*DATA FOR THIS TASK*:
*-*-*

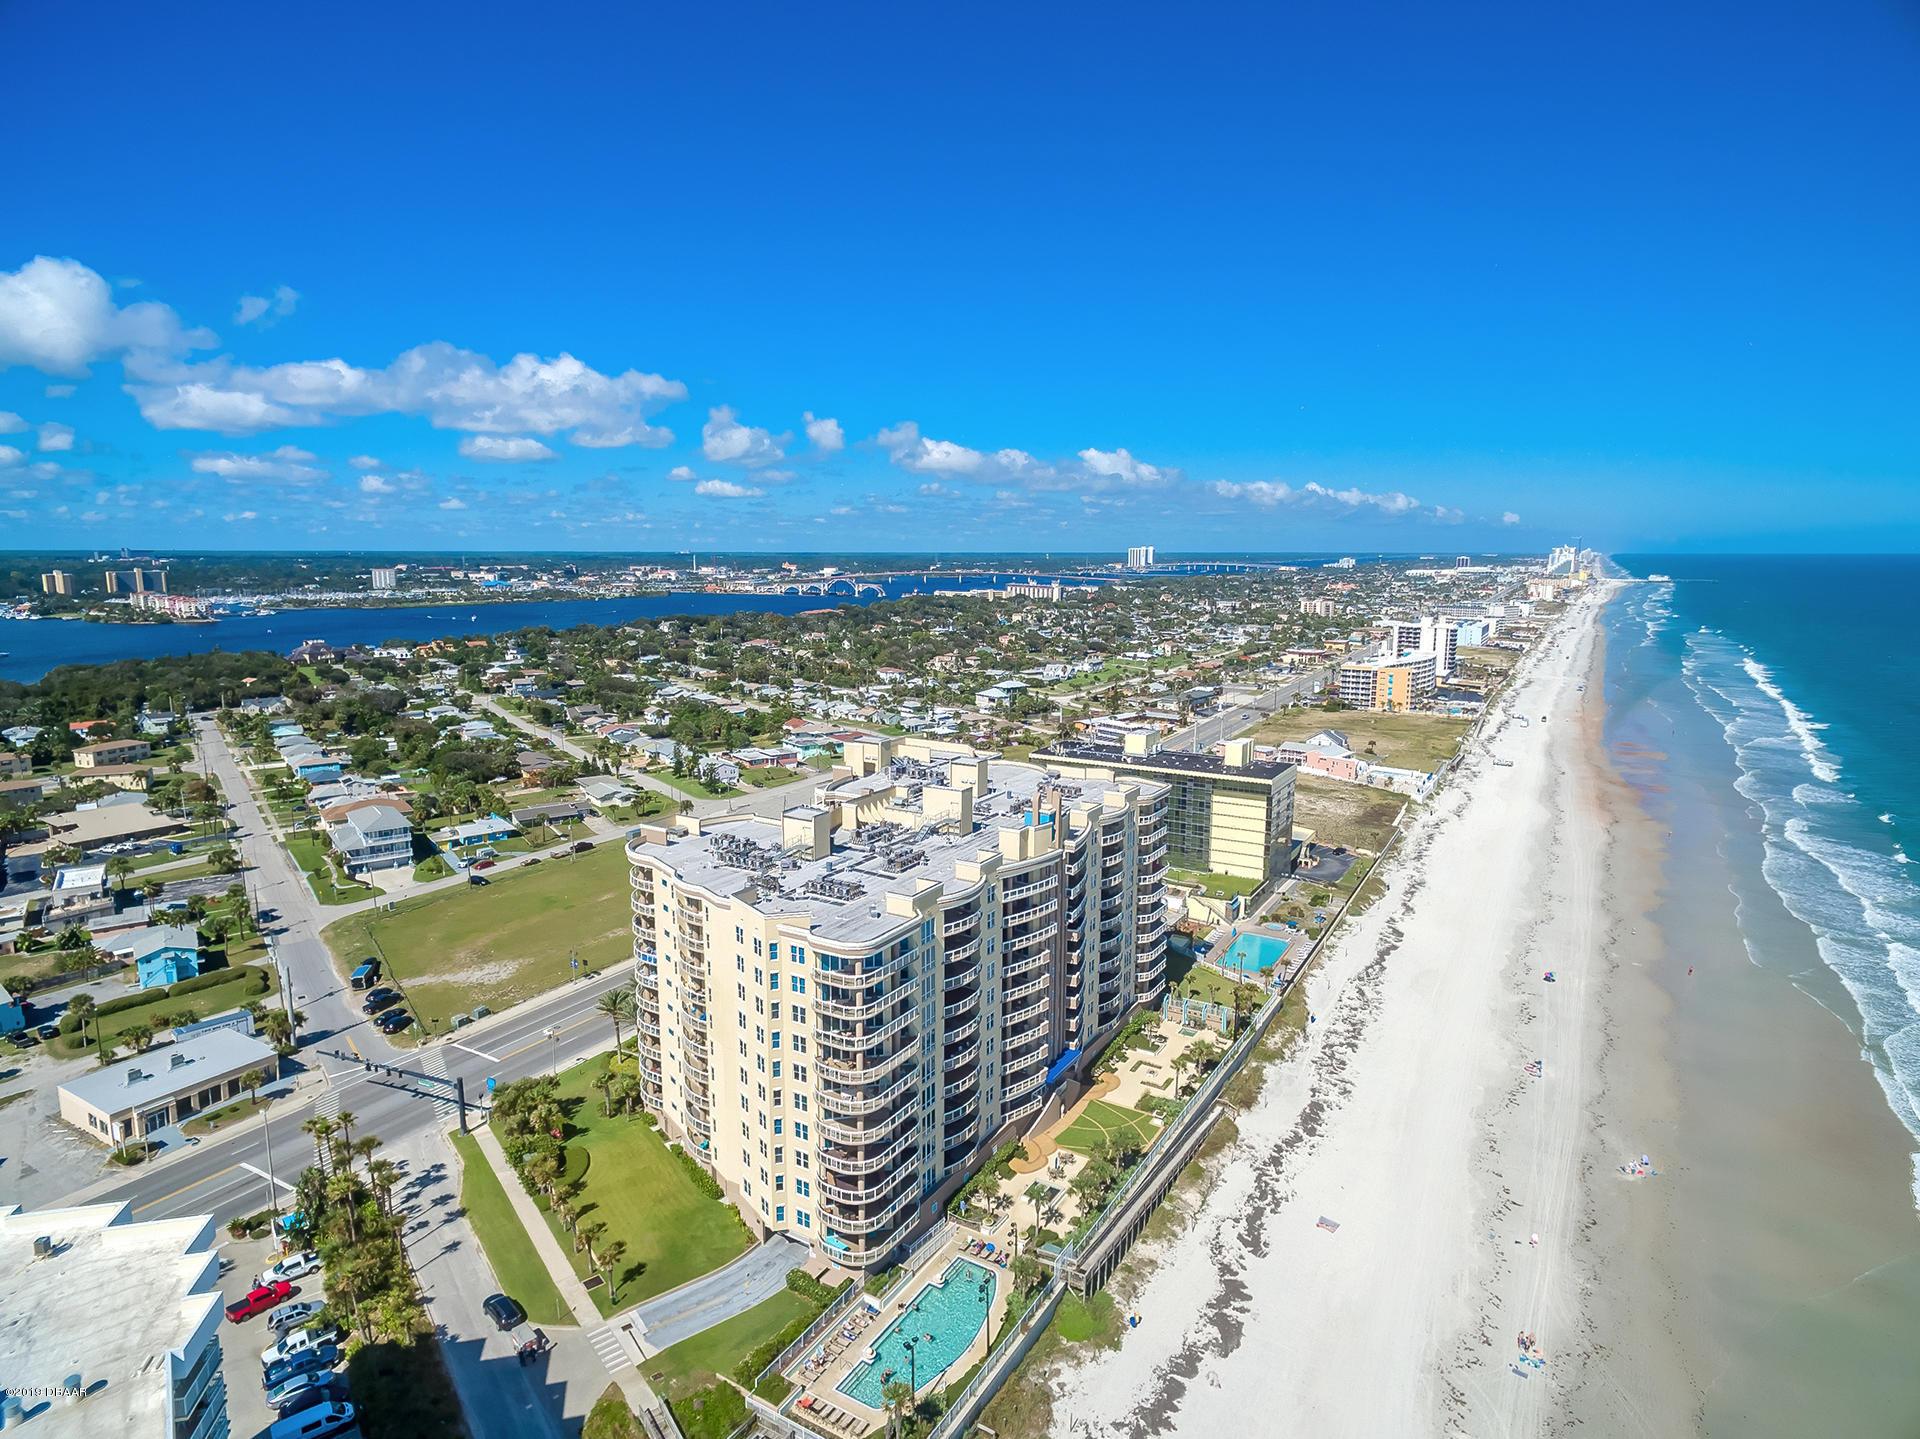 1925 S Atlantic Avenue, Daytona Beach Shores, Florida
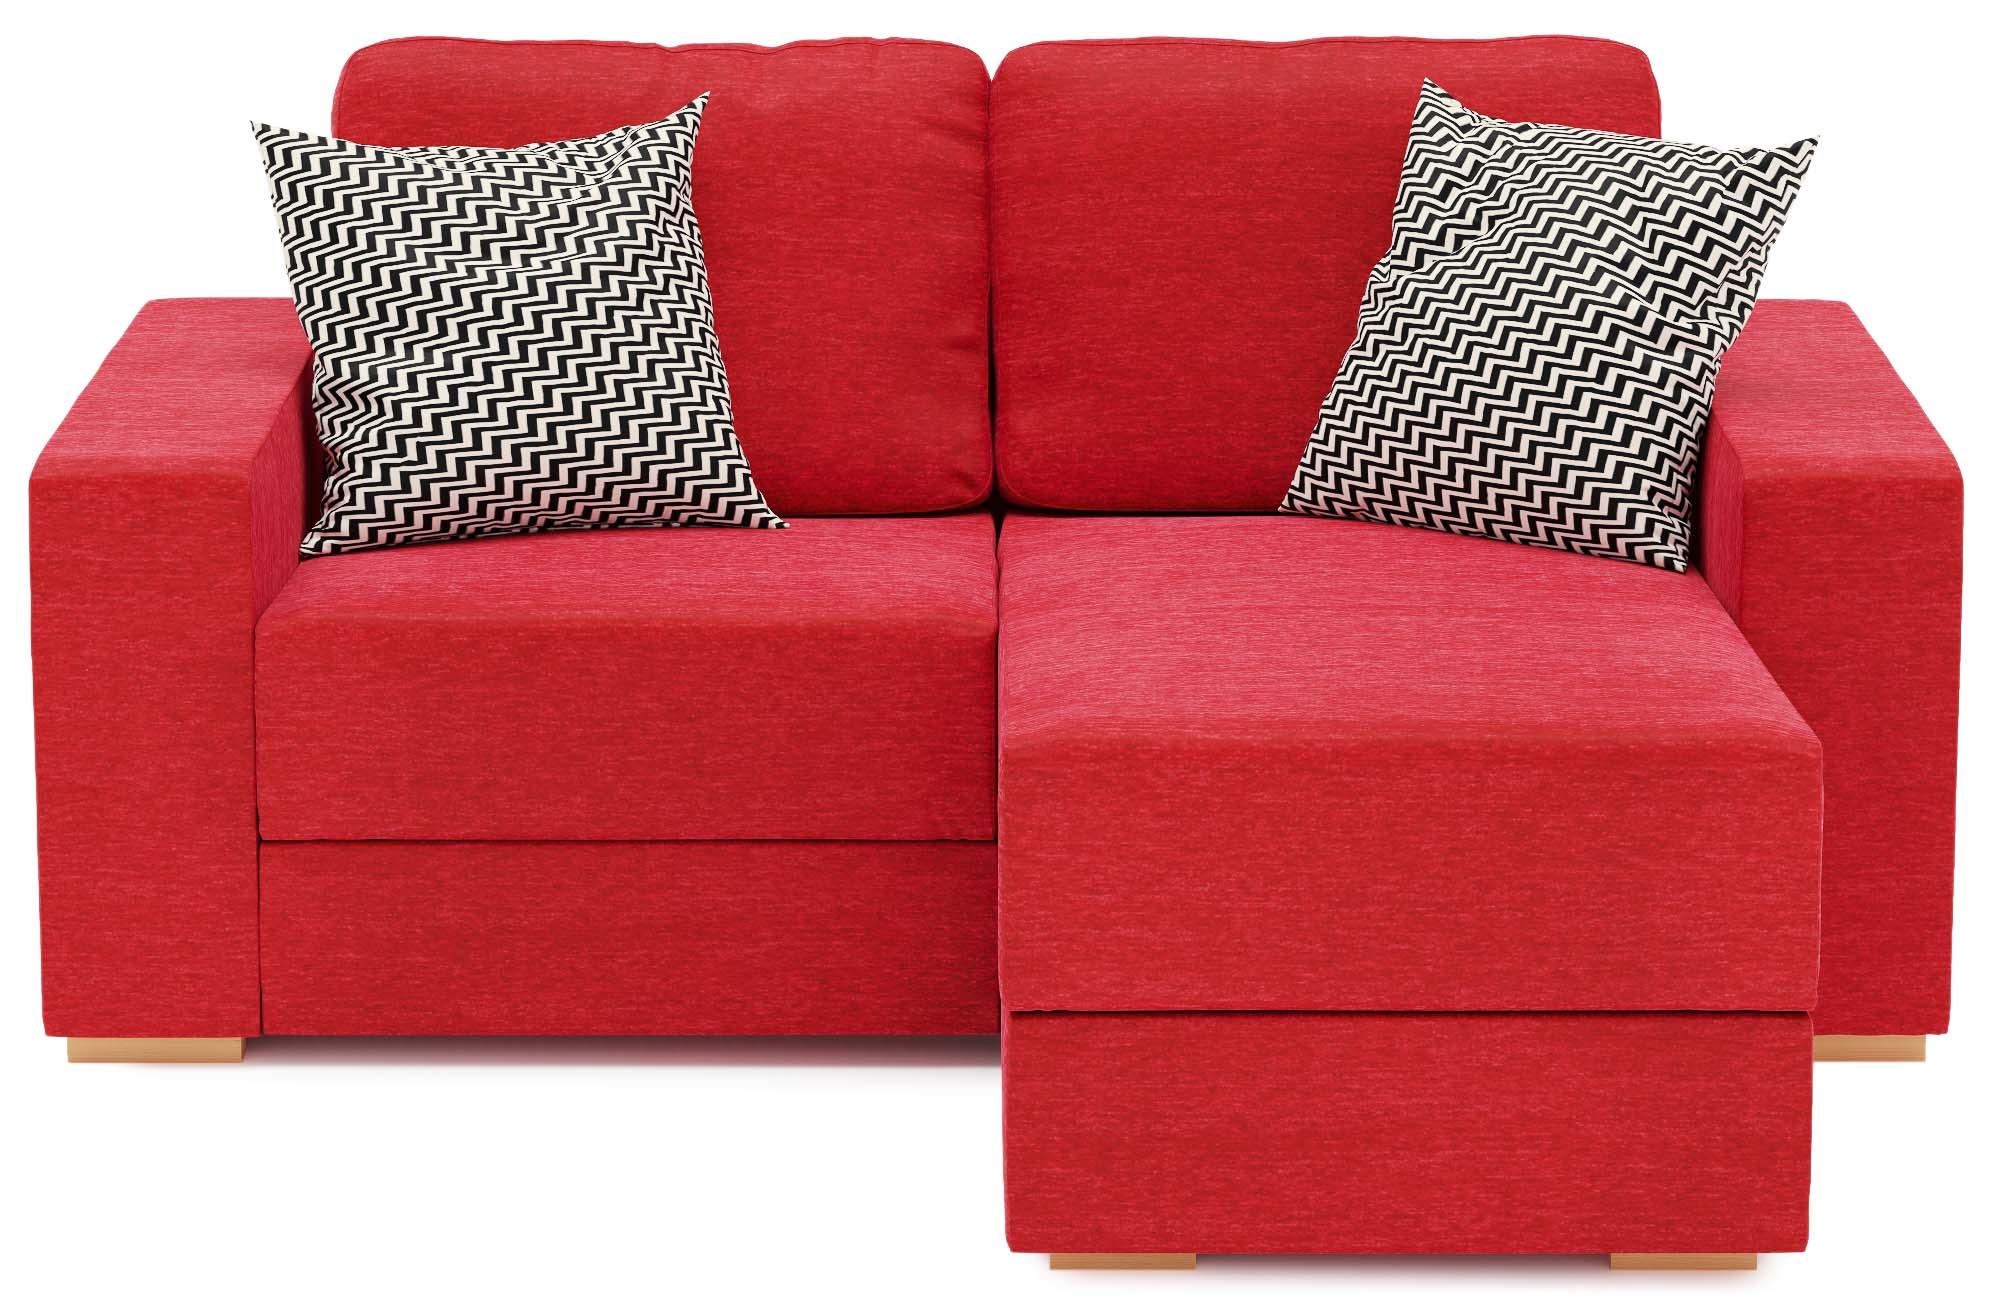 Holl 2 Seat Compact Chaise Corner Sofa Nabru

*-*-*

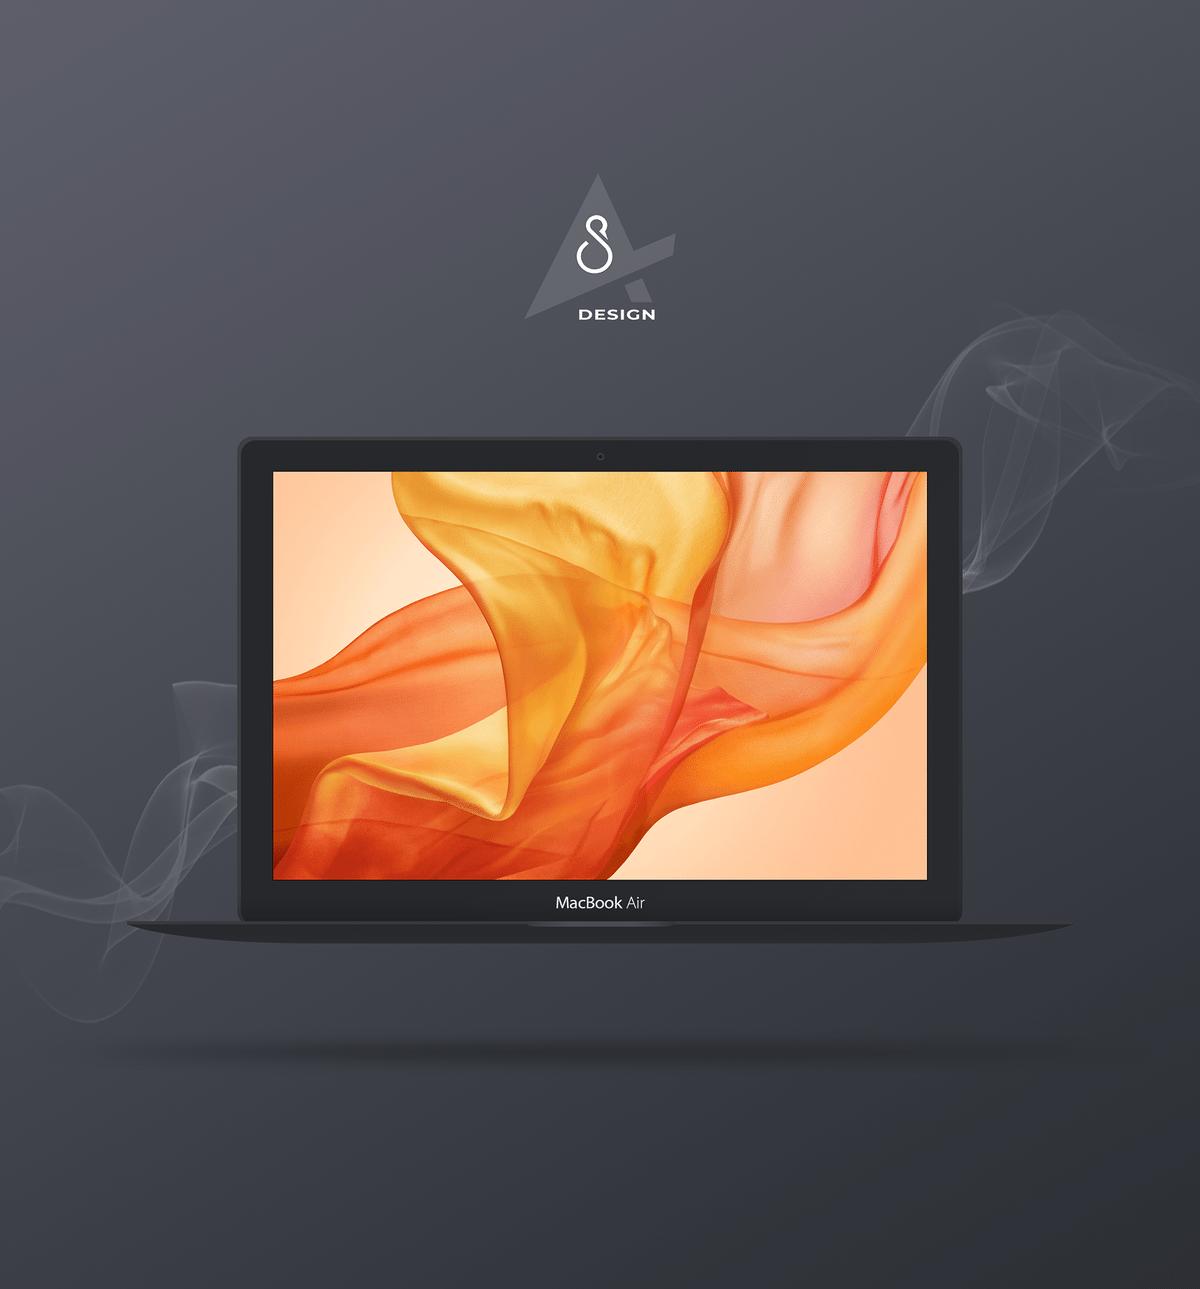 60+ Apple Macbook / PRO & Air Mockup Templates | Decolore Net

*-*-*

*TASK INSTRUCTIONS*: Give again, exactly as written above, every line from the one holding "1925 S Atlantic" to the one holding "Holl 2 Seat Compact Chaise Corner Sofa Nabru", with both ends kept and the pictures left out.

*TASK OUTPUT*:
 1925 S Atlantic Avenue, Daytona Beach Shores, Florida
 Holl 2 Seat Compact Chaise Corner Sofa Nabru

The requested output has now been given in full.